A low FODMAP diet was initially developed for patients who suffer from Irritable Bowel Syndrome (IBS) by an Australian dietician Dr. Sue Shepard[4]. It has also been applied to other conditions such as coeliac disease, fructose malabsorption, and both gluten and lactose intolerances. Many commercially available sports products such as sport drinks, gels and bars are common nutritional practices during a race but the majority contain FODMAPs and are often associated with symptoms developing during a race. Rehrer, et al.[5] examined the relationship between dietary practices and the development of GI distress symptoms in 55 male triathletes who took part in an half-Ironman race. Fifty-two percent revealed an urge to defecate while 42% complained of flatulence. Other symptoms included vomiting, abdominal pain, nausea, diarrhoea and intestinal cramps and more of these symptoms occurred during running. Ninety-three percent of triathletes consumed a hypertonic drink and 40% of those had severe complaints compared to only 11% who consumed a hypo- or isotonic drink. All triathletes who complained of intestinal cramps had consumed high-fibre foods before the race and those who vomited, or felt the urge to do so, had eaten foods high in fat and protein.

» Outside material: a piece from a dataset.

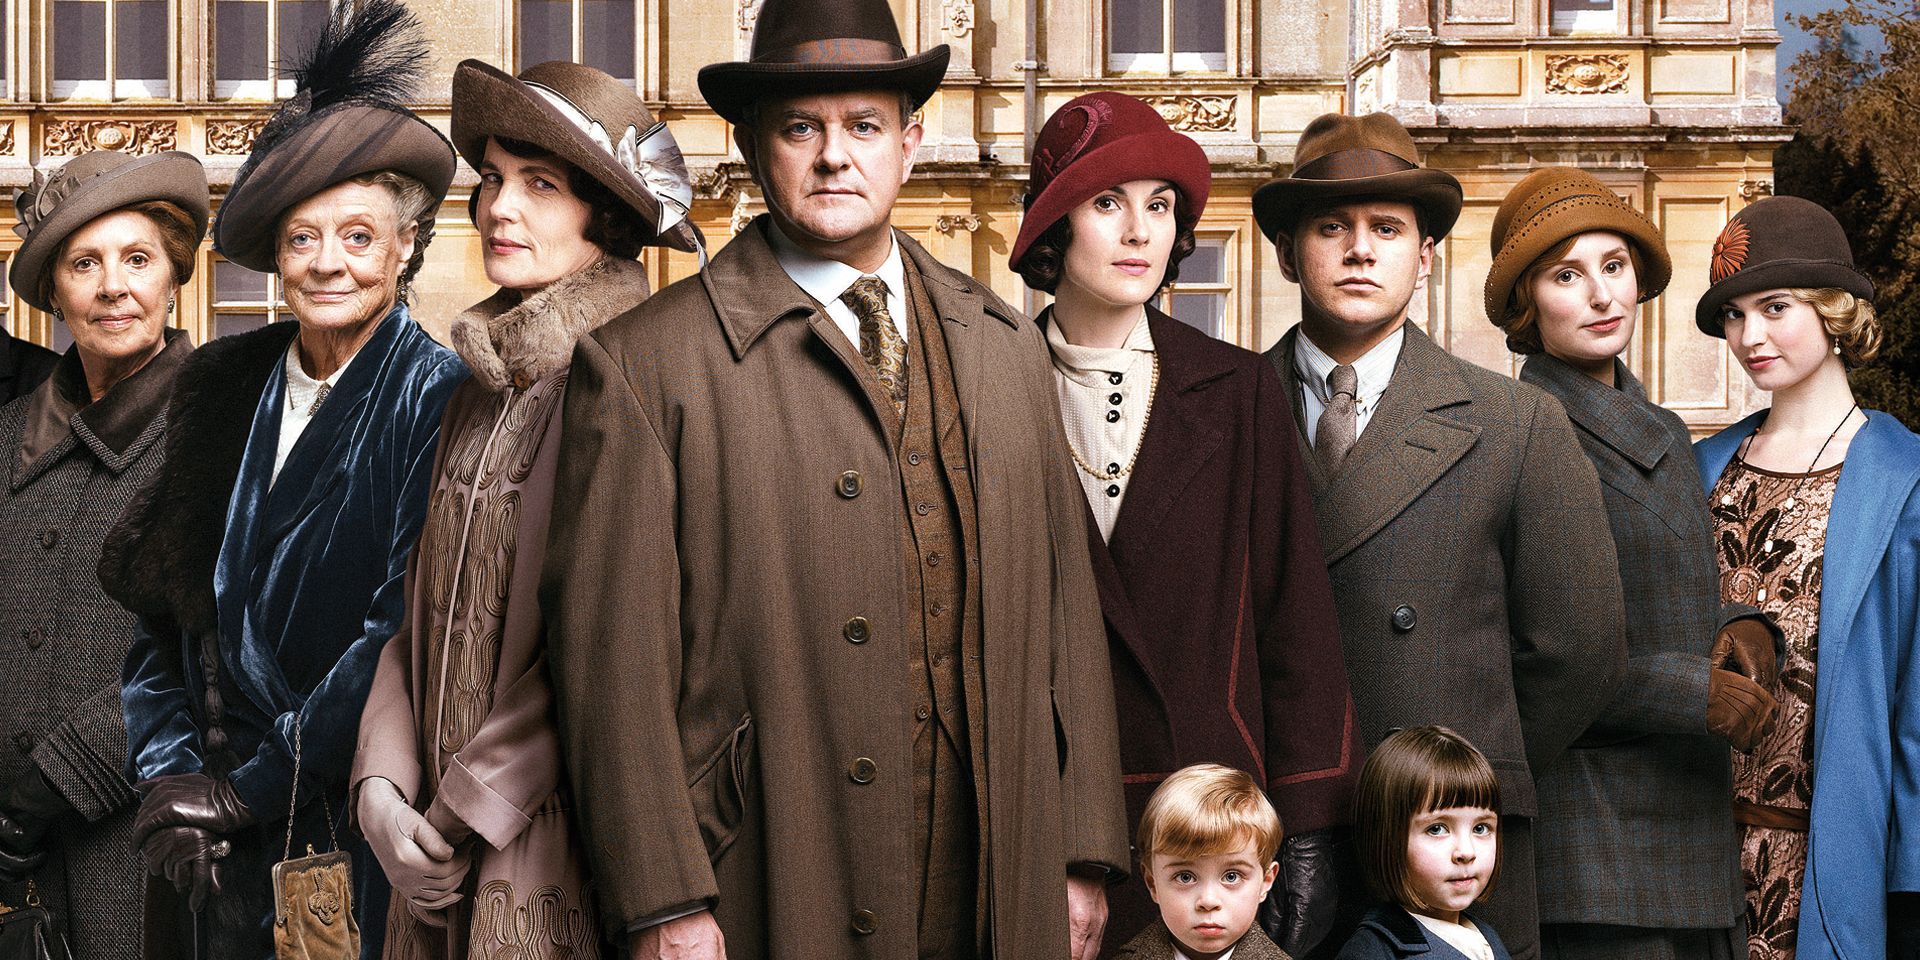 Avance de la película Downton Abbey: La casa ocupa un lugar central

More and more athletes are realising that a low FODMAP diet can help manage their symptoms, allowing them to focus on their performance rather than their unpredictable gut. A recent case-study[6] implemented a short-term, low-FODMAP dietary intervention to help a male athlete manage his GI symptoms during running. His habitual diet was compared to a 6-day, low-FODMAP diet while keeping his training similar in both conditions. The athlete’s GI symptoms were recorded immediately post-exercise and at the end of each day. His Daily Analysis of Life Demands for Athletes (DALDA) scores were also recorded. The DALDA is a self-reported and validated questionnaire that measures an athlete’s response to stress related to daily life and training. On a scale from 0 to 9, the athlete’s post-exercise and daily GI symptoms scores ranged from 0 to 4 during his habitual diet. In contrast, during the low-FODMAP diet, his scores were all 0. The athlete’s DALDA scores also showed improvement during the low-FODMAP diet condition. Although more research, specifically randomised-controlled trials, is clearly needed to examine the effectiveness of a low-FODMAP diet in managing GI distress symptoms in athletes, this does not discount the n=1 effectiveness of a short-term, low-FODMAP diet as each athlete’s nutritional situation is unique and should be treated as such.

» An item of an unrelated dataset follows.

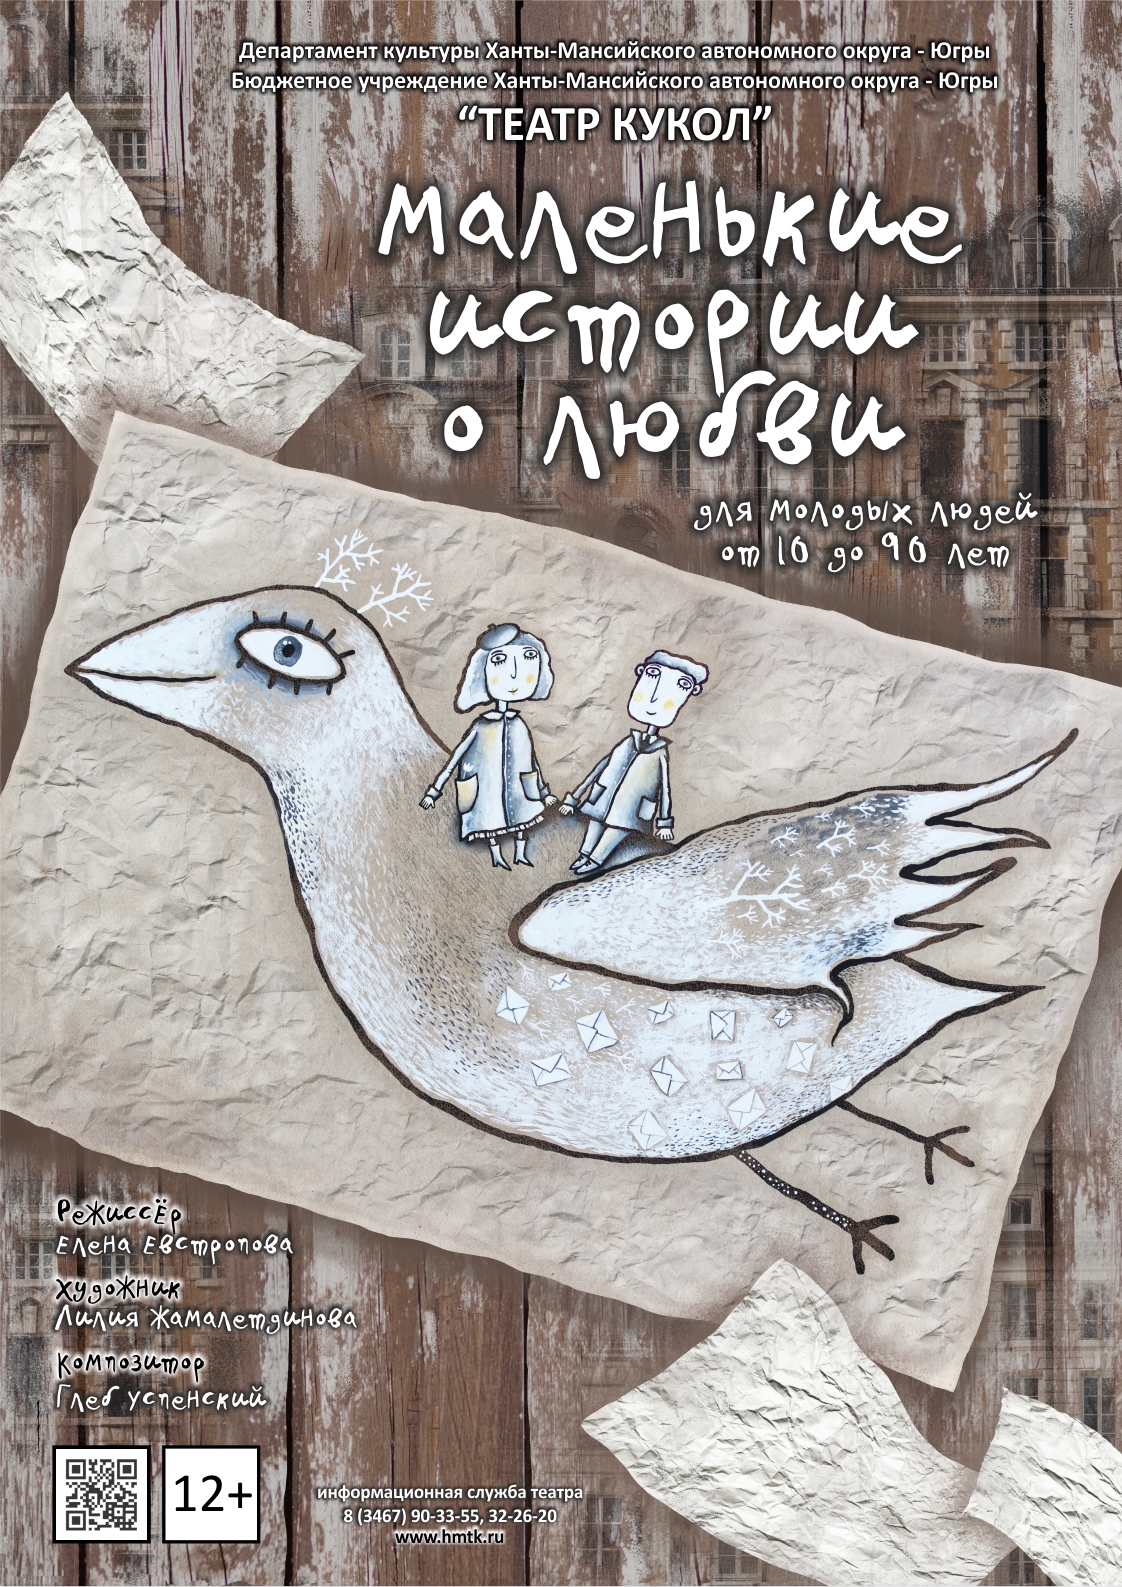 Взрослый кукольный спектакль покажут в театре кукол Ханты-Мансийска

Another thing to remember is that the gut is an adaptable organ, therefore practising nutritional strategies during training is not only key to determining what may work best for an athlete but it can also enhance gut function and improve its tolerance to certain foods. A calm gut means a happy athlete!

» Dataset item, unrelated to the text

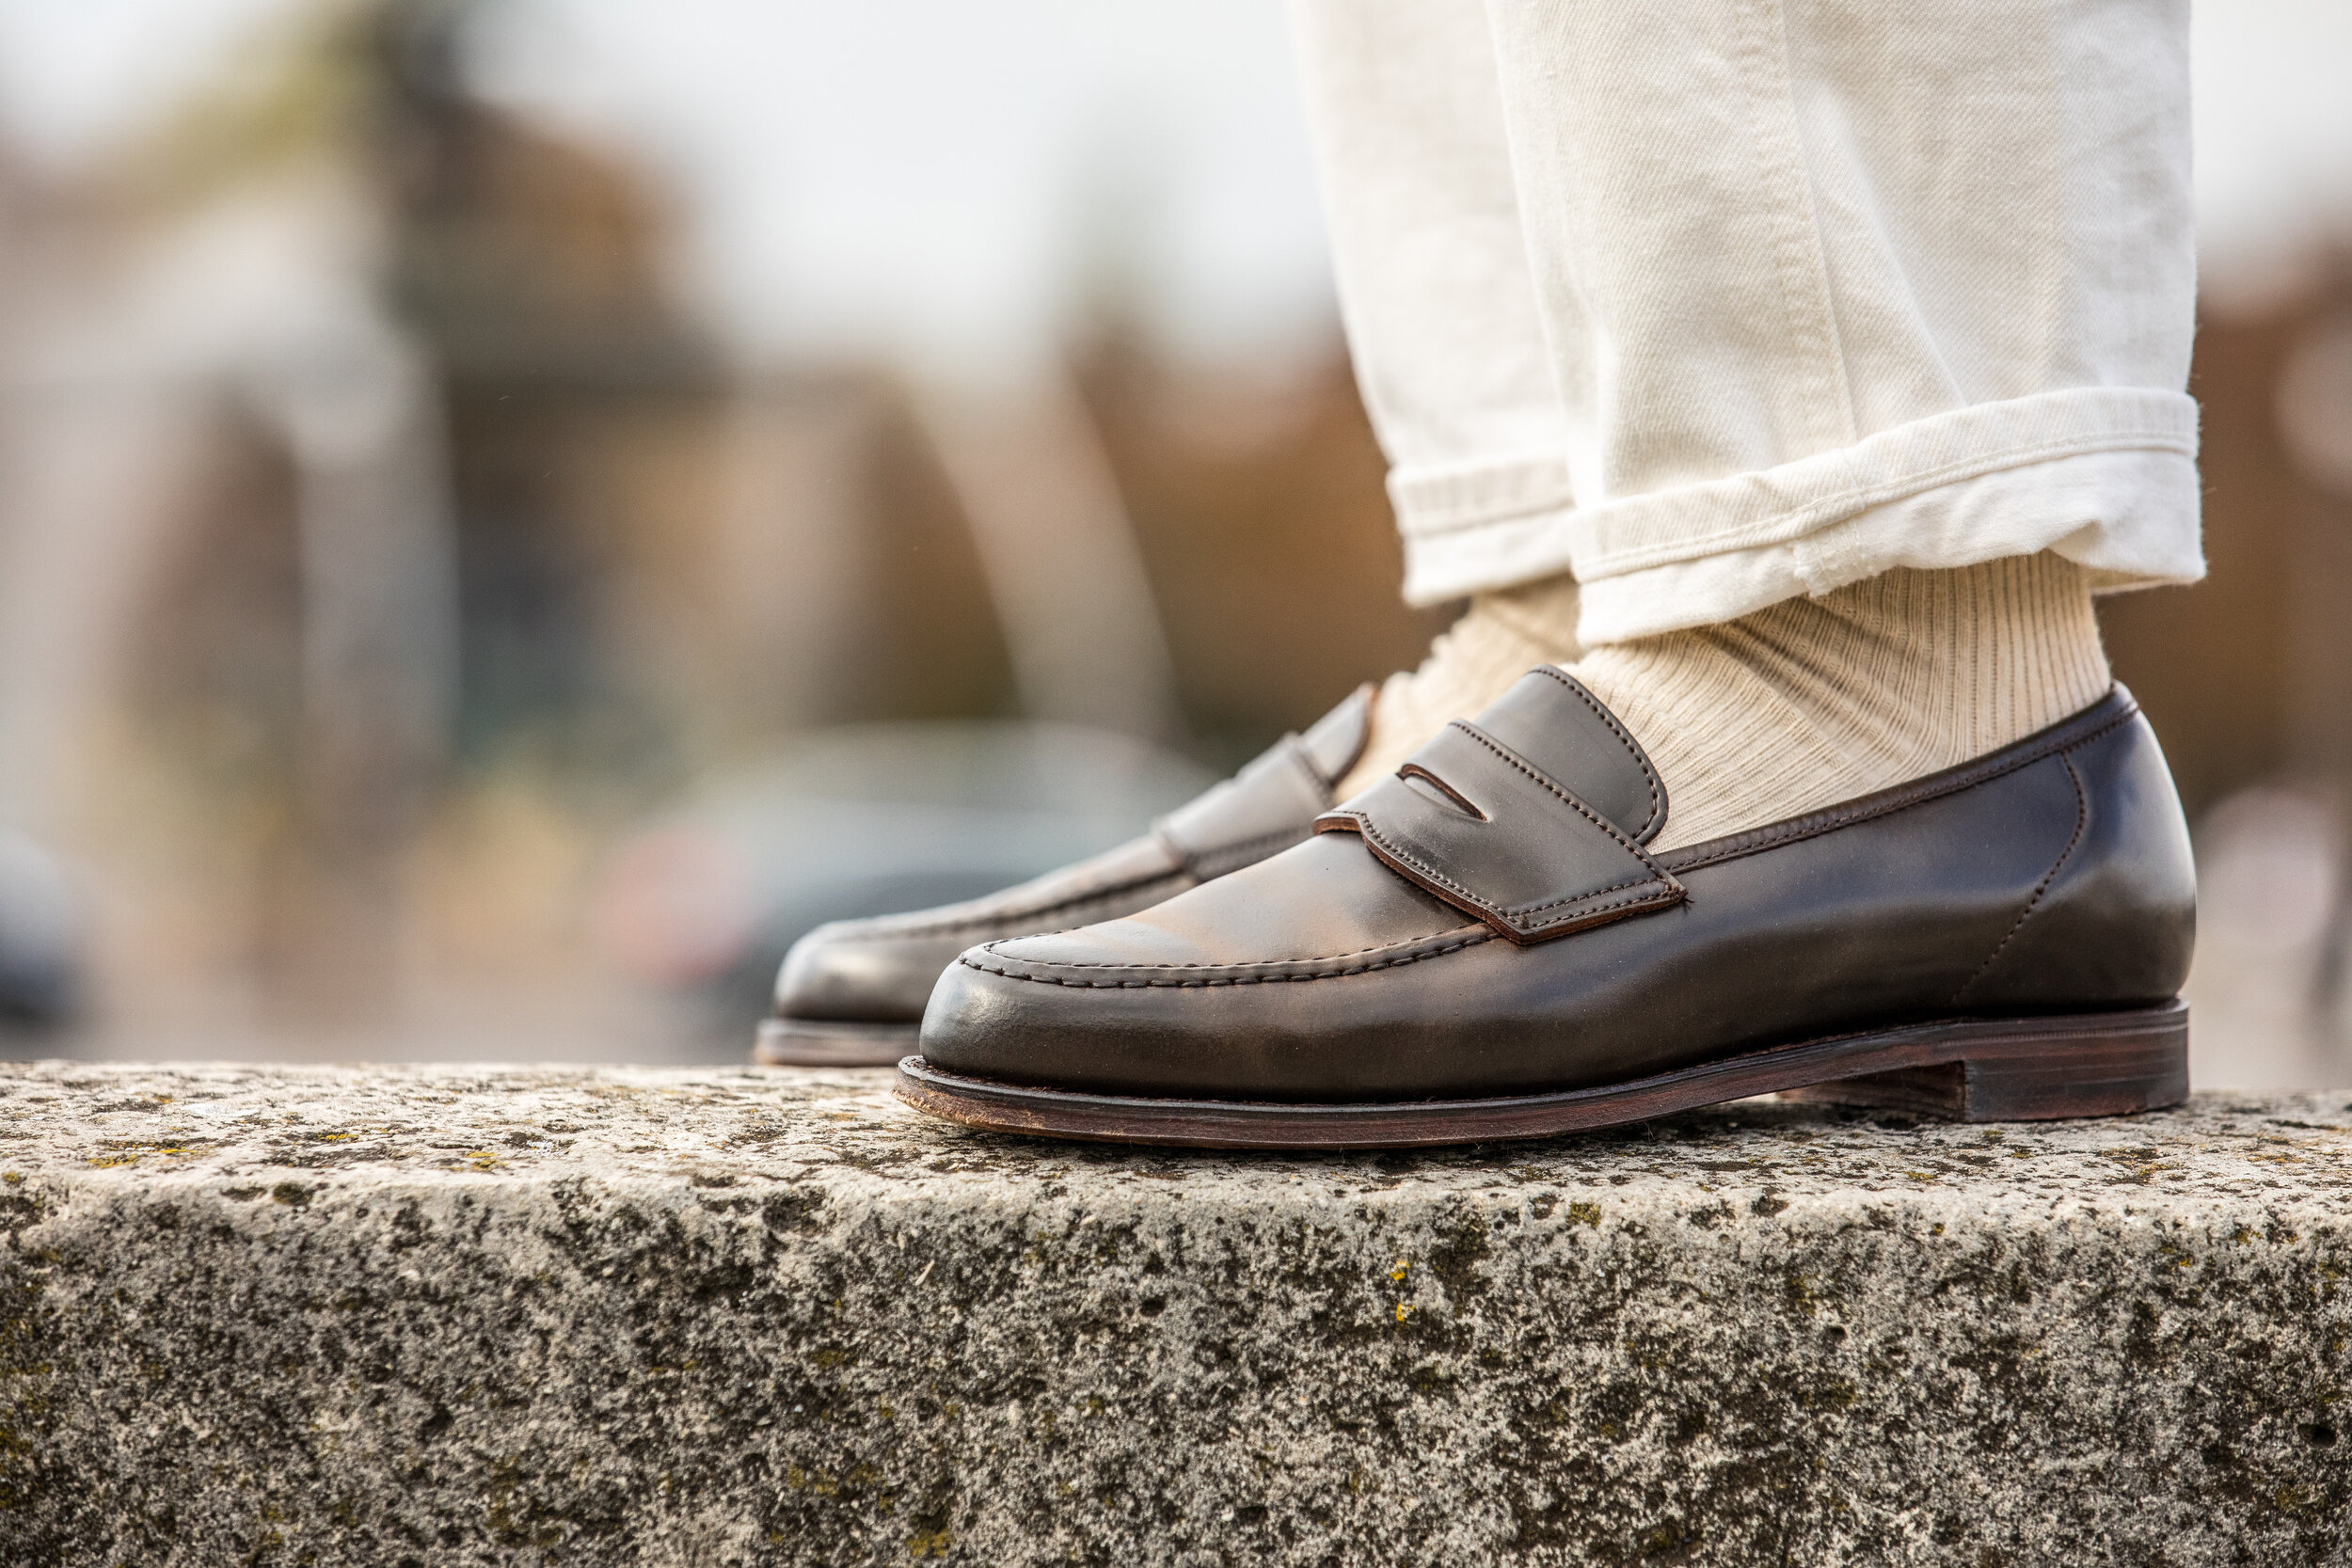 Crockett  Jones - Harvard cordovan penny loafers — Les Indispensables

  1. de Oliveira, E. P., Burini, R. C., Jeukendrup, A. 2014. Gastrointestinal complaints during exercise: prevalence, etiology, and nutritional recommendations. Sports Med. 2014; 44 Suppl 1: S79-85.

  2. Stuempfle KJ, Hoffman MD, Hew-Butler T. Gastrointestinal distress in ultramarathoners is associated with race diet. Int J Sport Nutr Exerc Metab. 2013; 23:103–109.

  3. Pfeiffer B, Stellingwerff T, Hodgson AB, et al. Nutritional intake and gastrointestinal problems during competitive endurance events. Med Sci Sports Exerc. 2012; 44:344–351.

  4. The Low FODMAPS Diet <https://www.sportsdietitians.com.au/factsheets/diets-intolerances/the-low-fodmaps-diet/> [Accessed 14 July 2016].

  5. Rehrer NJ, van Kemenade M, Meester W, et al. Gastrointestinal complaints in relation to dietary intake in triathletes. Int J Sport Nutr. 1992; 2:48–59.

  6. Lis, DM, Ahuja, KD, Stellingwerf, T, Kitic, CM, Fell, J. Case Study: Utilising a Low FODMAP Diet to Combat Exercise-Induced Gastrointestinal Symptoms. Int J Sport Nutr Exerc Metab. 2016 [Epub ahead of print].